I'm about to get a pair of juvie ackies and I've just set up my enclosure for them. The basking spot gets to 62*C with 2 60 watt lights and the cool end is around 28*C. I've set up some rocks, some logs to climb up on and a hollow log in the sand to burrow into. Any recommendations would be helpful.

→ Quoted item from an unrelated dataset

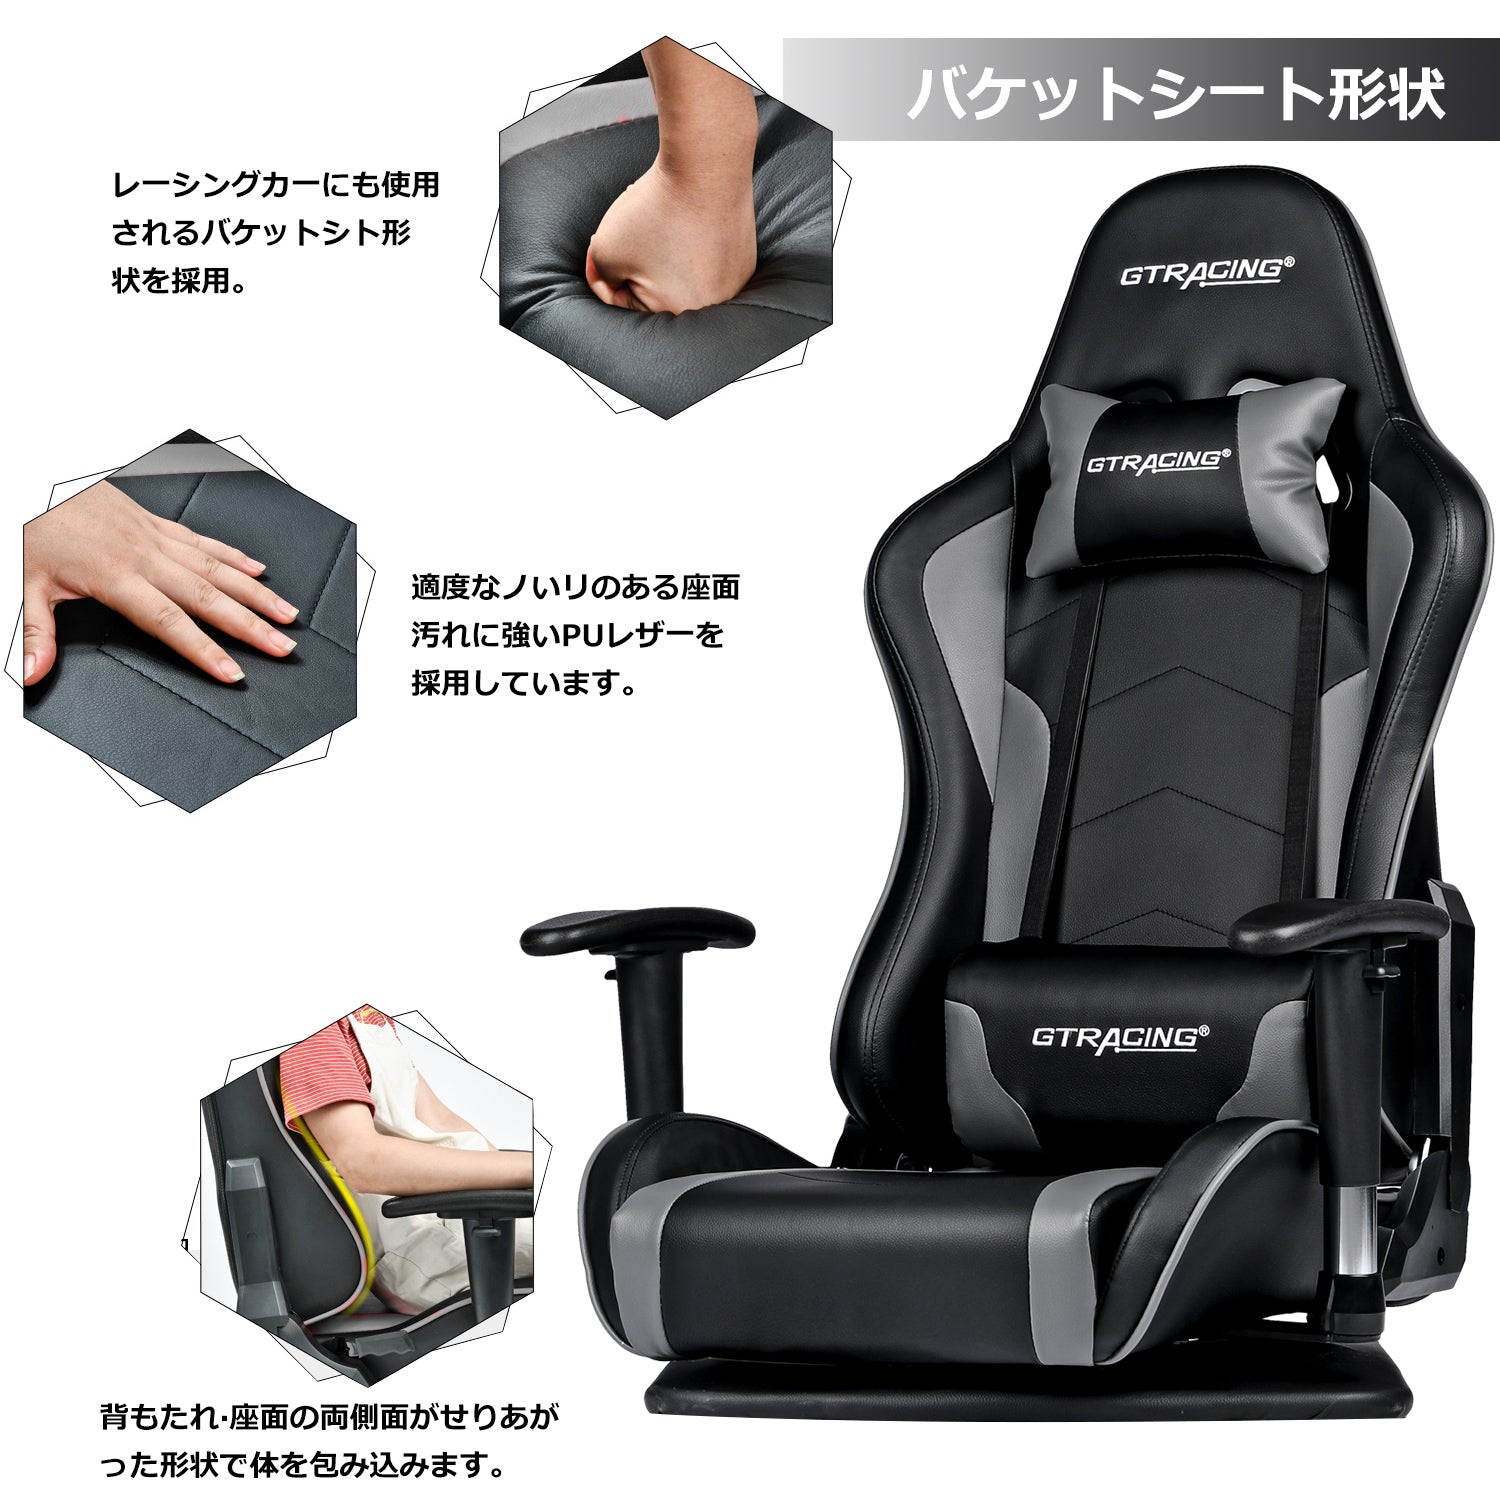 贅沢 シリーズ // ゲーミング座椅子 GT89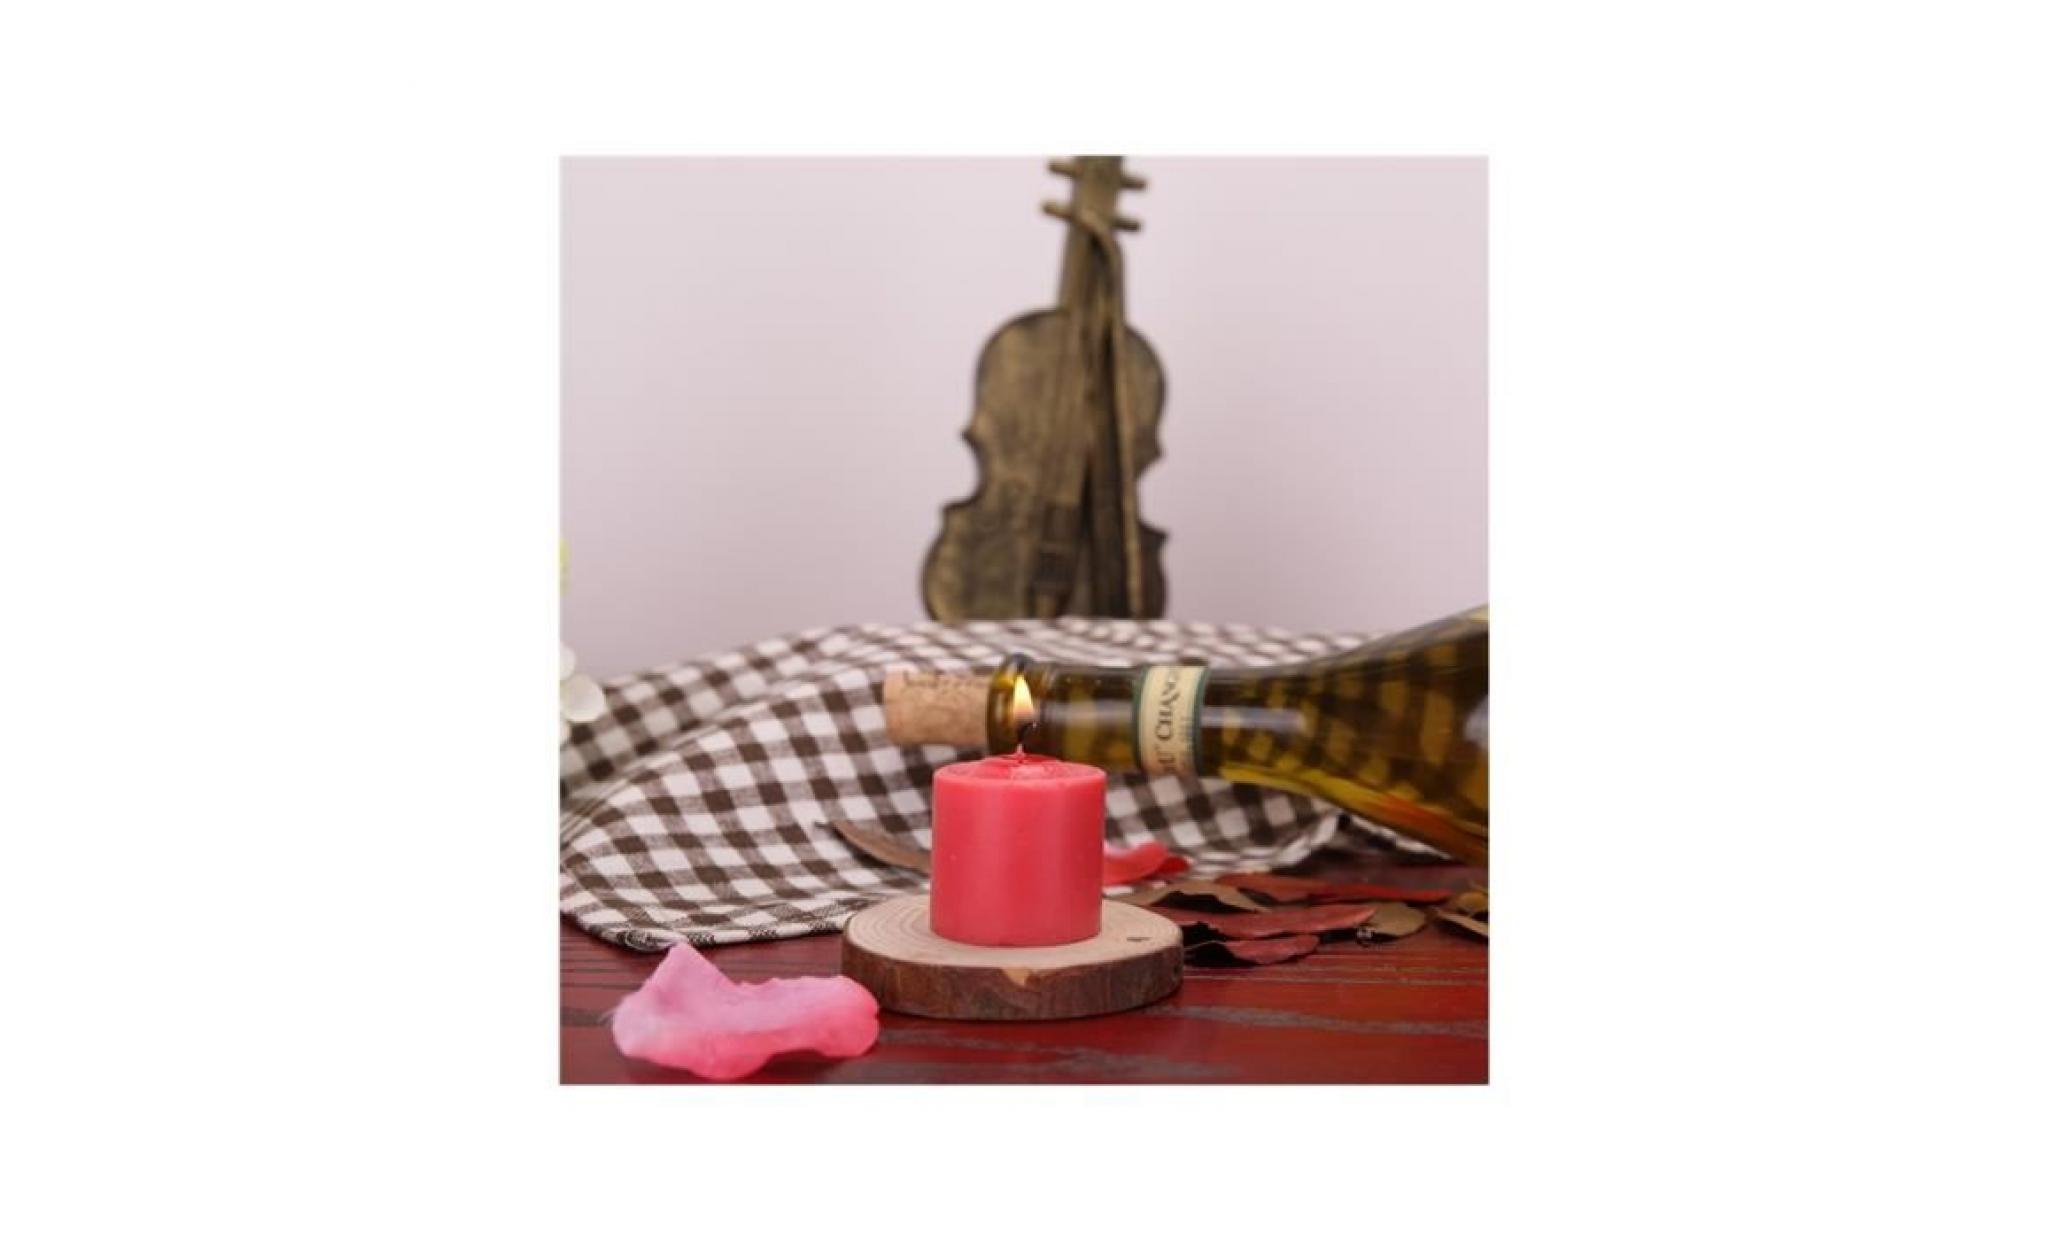 2 pcs basse température bougies romantique flirting wax dripping bougies jouets sexuels Érotiques pour les couples amoureux (rouge) pas cher

Here are some pictures (UV light isn't turned on):


----------



## Chicken (Jan 20, 2011)

dimensions?


----------



## jamesbecker (Jan 20, 2011)

It's 3feet. I'm planning on keeping them in this until they grow then upgrade to a bigger enclosure, 4-6feet.


----------



## cadwallader (Jan 20, 2011)

a 6 ft ackie enclosure is a must for me one day


----------



## Chicken (Jan 20, 2011)

Sounds good james, that sand is a little shallow, see if you can build it up and make it a bit deeper at the back there as they will like to dig and burrow, also keep that in mind for the next cage to have the strip at the front at the bottom quite thick for deeper sand. Your temps are fine, they will love the retes stack, everything looks set good luck!


----------



## jameswhelan (Jan 20, 2011)

looks fairly alright dude. maybe some more hides as monitors love hiding spots, makes them feel secure and safe. can never have enough hides


----------



## dozerman (Jan 20, 2011)

Nice enclosure James, accies are great monitors and an excellent intro to monitors.
Something Ive learnt recently is that a Retes stack should start below the substrate and not just be placed on top. This allows monitors a better range of temps, humidity and security. cheers


----------



## jamesbecker (Jan 20, 2011)

Thanks everyone.
I will add some more sand and get some more hollow logs and hide spots. I do have some wood underneath the Retes stack to make it closer to the light to gain the heat.

Thanks again


----------



## dozerman (Jan 20, 2011)

OK so when you add sand to your enclosure, bury a couple of layers of your stack, thats the ticket!


----------